Enhancing Robustness in Audio Deepfake Detection for VR Applications using data augmentation and Mixup
PubDate: Otc 2024
Teams:AKCIT Federal University of Goiás
Writers:Gustavo dos Reis Oliveira, Rafaello Virgilli, Lucas Alcântara Souza, Lucas Stefanel Gris, Evellyn Nicole Machado Rosa, Isadora Stéfany Rezende Remigio Mesquita, Daniel Tunnermann, Arlindo Rodrigues Galvão Filho
Abstract
The rapid advancement of virtual reality (VR) technology has heightened the need for robust and reliable deepfake audio detection to ensure the authenticity and integrity of virtual interactions. Although current state-of-the-art models exhibit promising results, they are often overconfident, which can lead to poor generalization and reduced effectiveness against novel or slightly altered deepfake attacks.
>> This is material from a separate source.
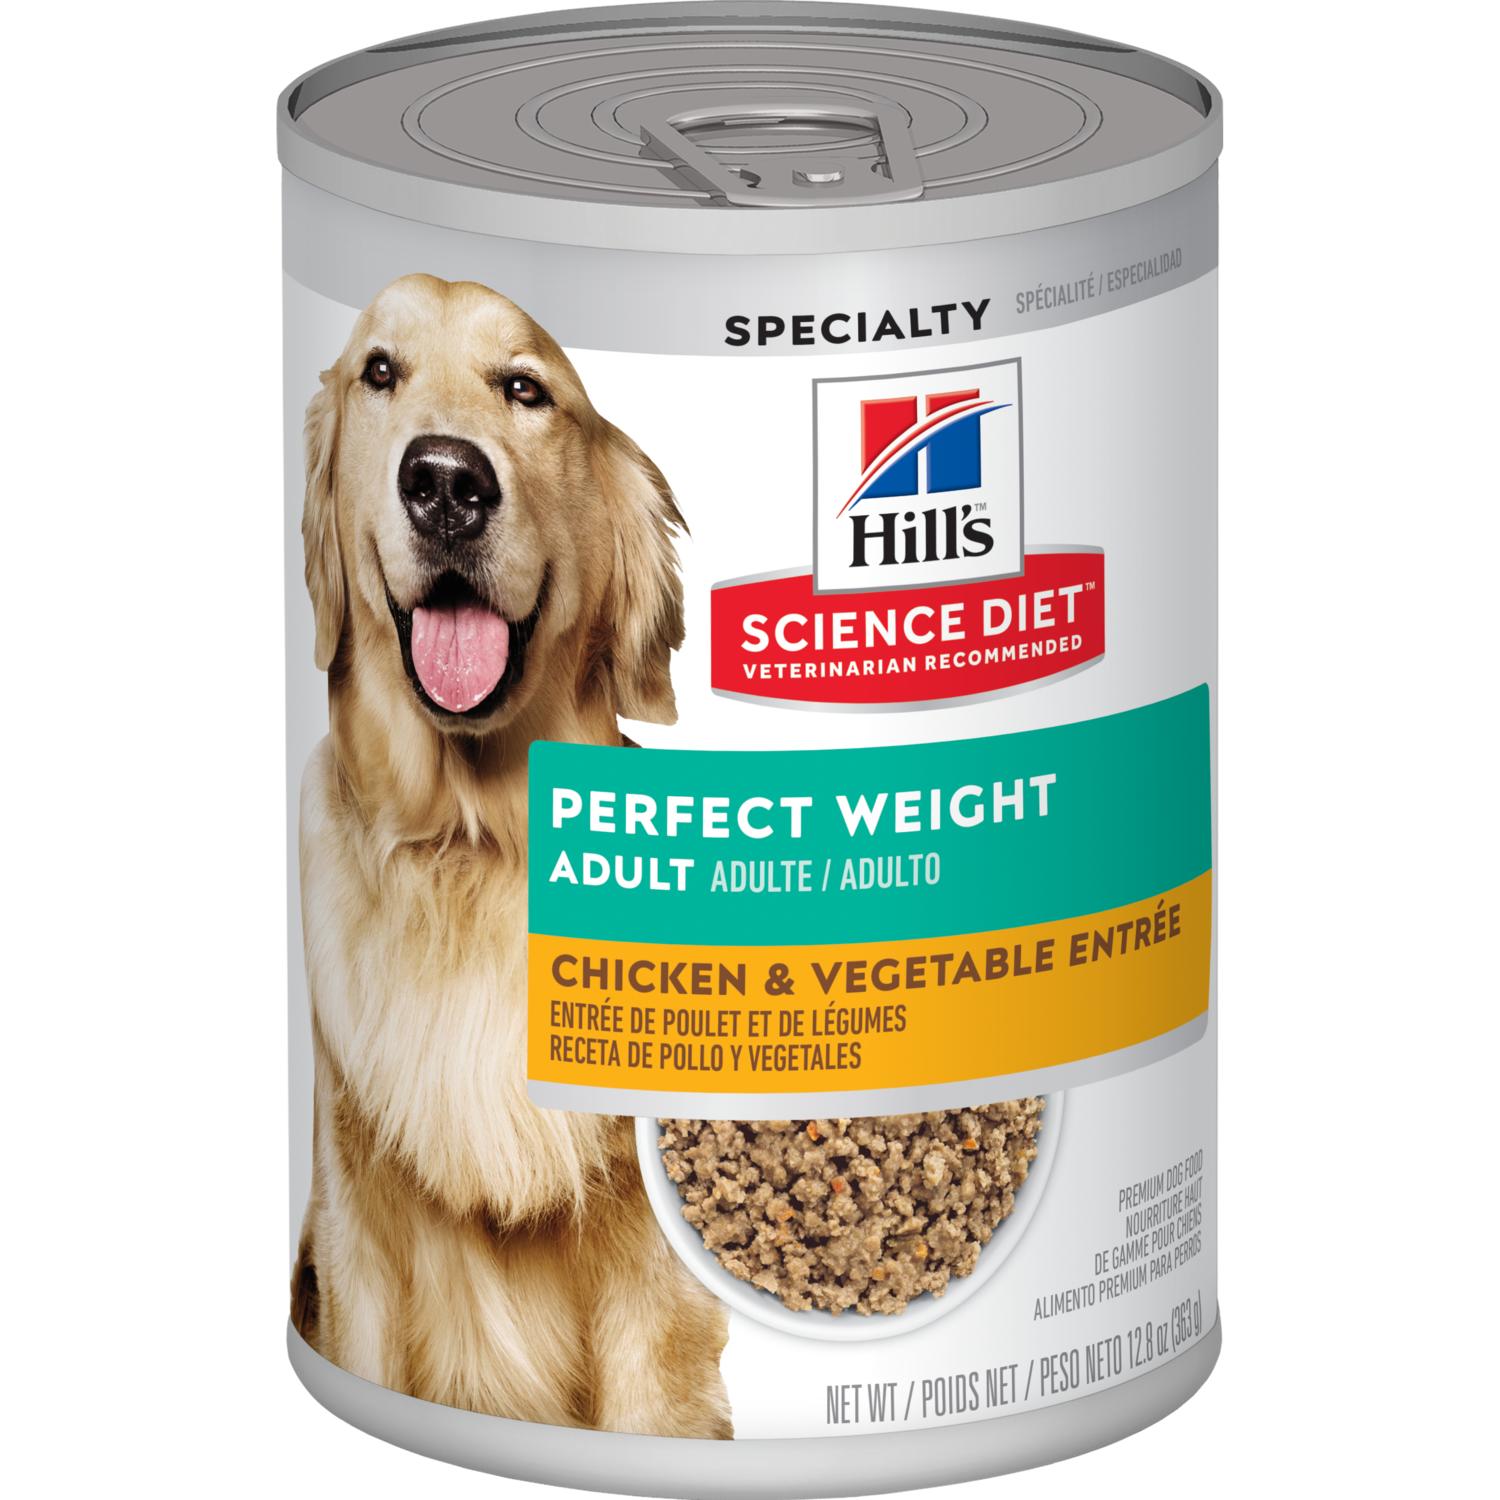 Science Diet Adult Perfect Weight Chicken & Vegetable Entrée Wet Dog Food

In this work, we investigate the application of data augmentation techniques and Mixup techniques to increase the diversity of training data and improve the generalization of deepfake audio detection models. Mixup creates new training examples by combining pairs of existing examples, promoting smoother and more robust decision boundaries, while data augmentation creates new training examples altering a sample with a given probability. Our results demonstrate that applying such techniques to the Wav2vec 2.0 model significantly improves its generalization ability, leading to more reliable deepfake detection in VR environments.